18.2 Standing Committees and Ad Hoc Committees
may be established by decision of the Board of Directors.
19. Term of Office
19.1 The mandate for each member of the Board of
Directors elected by the General Assembly of the Council shall
be two years, unless a shorter term is provided for by special
decision of the General Assembly of the Council and shall
start on the first day of the month succeeding the month of
the election. Members of the Board of Directors shall fulfill
their responsibilities until new officials are elected and
their mandate begins. Notwithstanding the above, in order
to facilitate continuity, at least half of the initial Board
of Directors shall be elected for a term of one year.
19.2 Members of the Board of Directors whose
mandate has expired shall be eligible for re-election.
20. Nominations
20.1 Nominations for vacancies may be made by Principal
Members of the Council.
20.2 Nominations shall be made in writing
and signed by the proposing party and another Principal Member.
They shall be submitted not less than two (2) days before
the day of the election meeting.
20.3 Nominations submitted to the Council
shall be accompanied by the written consent of the candidate
to take up the post if elected.
21. Election
Members of the Board of Directors shall be elected by the
General Assembly of the Council. If no candidate for the respective
post obtains the necessary majority, the position shall be
filled through a second ballot between the two candidates
who have received the most votes. In the second ballot, the
candidate with the majority of votes shall be considered elected.
22. Vacancies
22.1 If an official should leave his/her post or
if a post should remain vacant because of illness of the official
or for some other reason, the vacancy shall be filled until
the end of the mandate by persons elected by the Board of
Directors.
22.2 The Board of Directors shall elect the
substitute with a majority of its members.
22.3 The General Assembly of the Council
may revoke the substitute elected by the Board of Directors
and elect another person as provided under Article 21.
23. Composition of the General
Assembly
23.1 The General Assembly of the Council shall consist
of all Principal Members of the Council. It shall be convened
at a regular session at least once a year.
23.2 The Associate and Honorary Members of
the Council may take part in the sessions of the General Assembly
without voting rights. They may participate in discussions,
put forward proposals and raise issues for discussion.
23.3 By decision of the Board of Directors,
a General Assembly may be convened without Associate and Honorary
Members of the Council, should circumstances demand it.

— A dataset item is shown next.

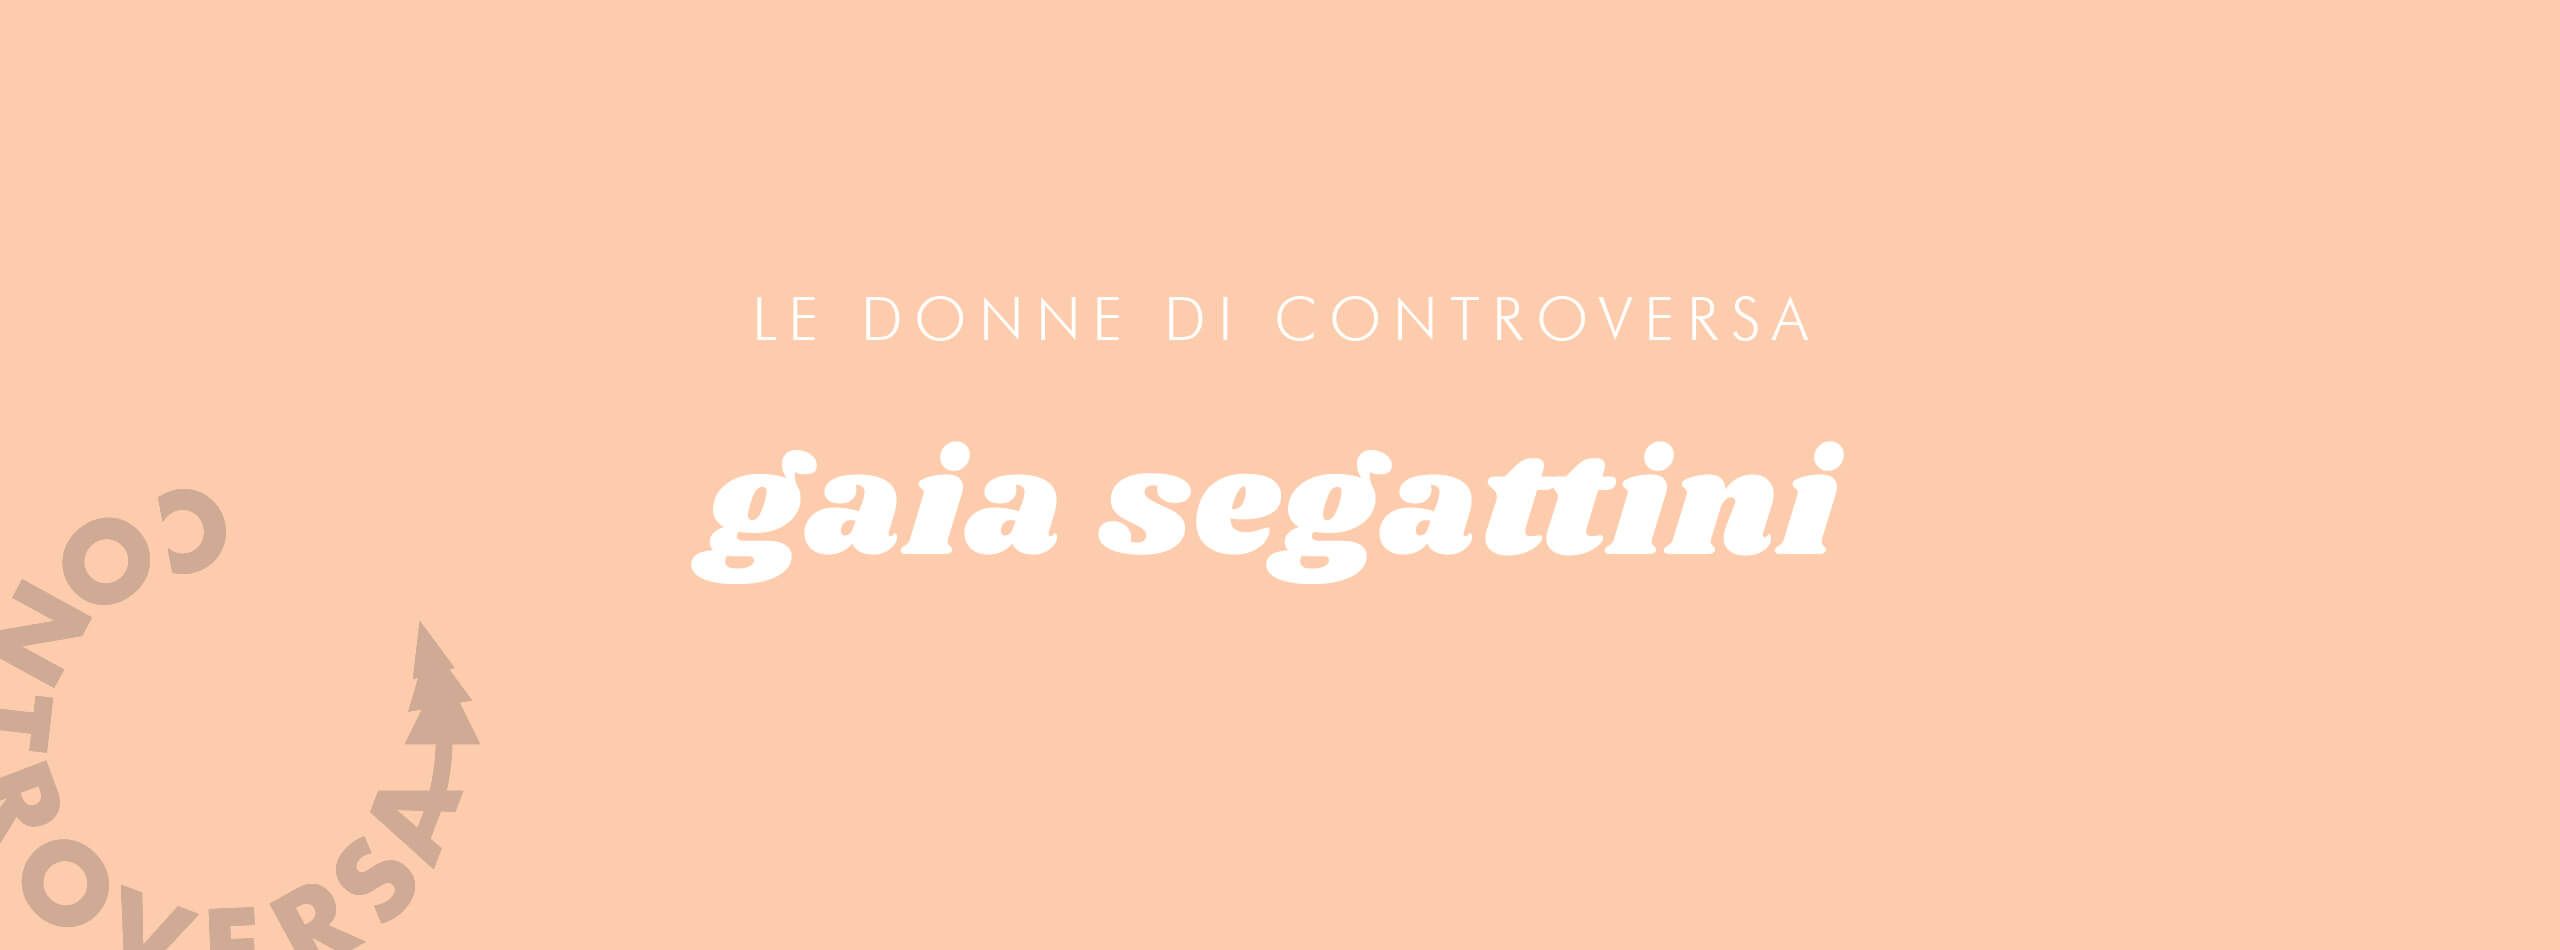 Controversa incontra: Gaia Segattini

24. Convening the General Assembly
24.1 The General Assembly of the Council shall be
convened by a decision of the Board of Directors or at the
request of at least one-tenth (1/10) of the Principal Members
of the Council. In the latter case, if the Board of Directors
fails to convene the General Assembly within two weeks, it
may be convened by the district judge at the request of the
Principal Members who have made the request.
24.2 The General Assembly shall be convened
by written invitation to each member by letter, telegram,
telex or fax, at least ten (10) calendar days prior to the
day of the sitting. An announcement of the meeting shall be
displayed in the premises of the Council and placed at the
disposal of all members at least ten (10) calendar days prior
to the day of the sitting.
24.3 The invitation to the meeting of the
General Assembly shall state the day, hour, place and agenda
of the meeting and include any written documents prepared
for the session.
24.4 The General Assembly of the Council
shall not take decisions on matters not included in the agenda.

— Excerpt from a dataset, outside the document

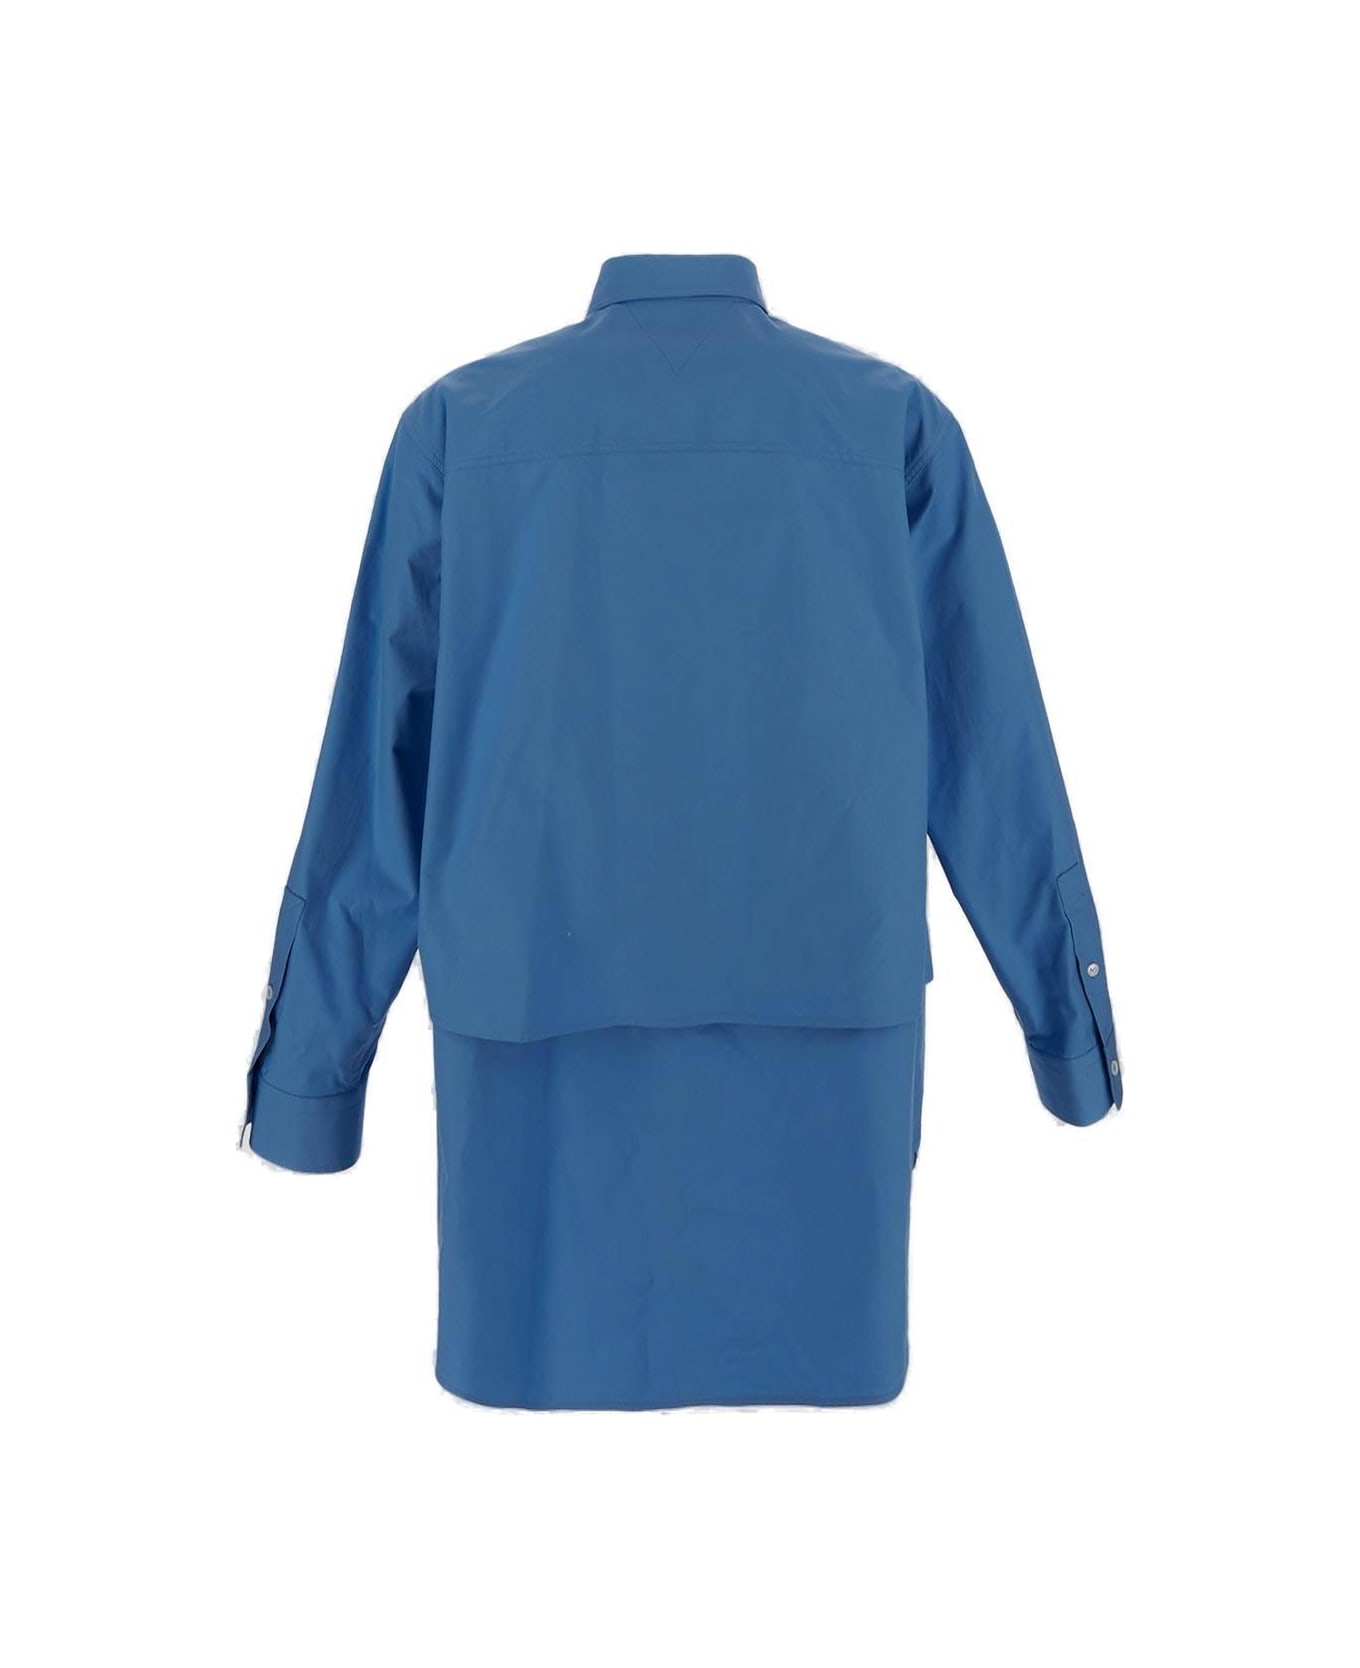 Bottega Veneta Double Layer Shirt - LIGHT BLUE

The issues laid down in the provisions of Article 26 herein
shall be considered as the agenda of the regular annual General
Assembly, and it shall not be necessary to place them on the
agenda described in the meeting notice.
24.5 An extraordinary session of the General
Assembly may be called by advance notice of at least forty-eight
(48 )hours, provided all Principal Members are notified and
none of them disagrees with the call to meeting.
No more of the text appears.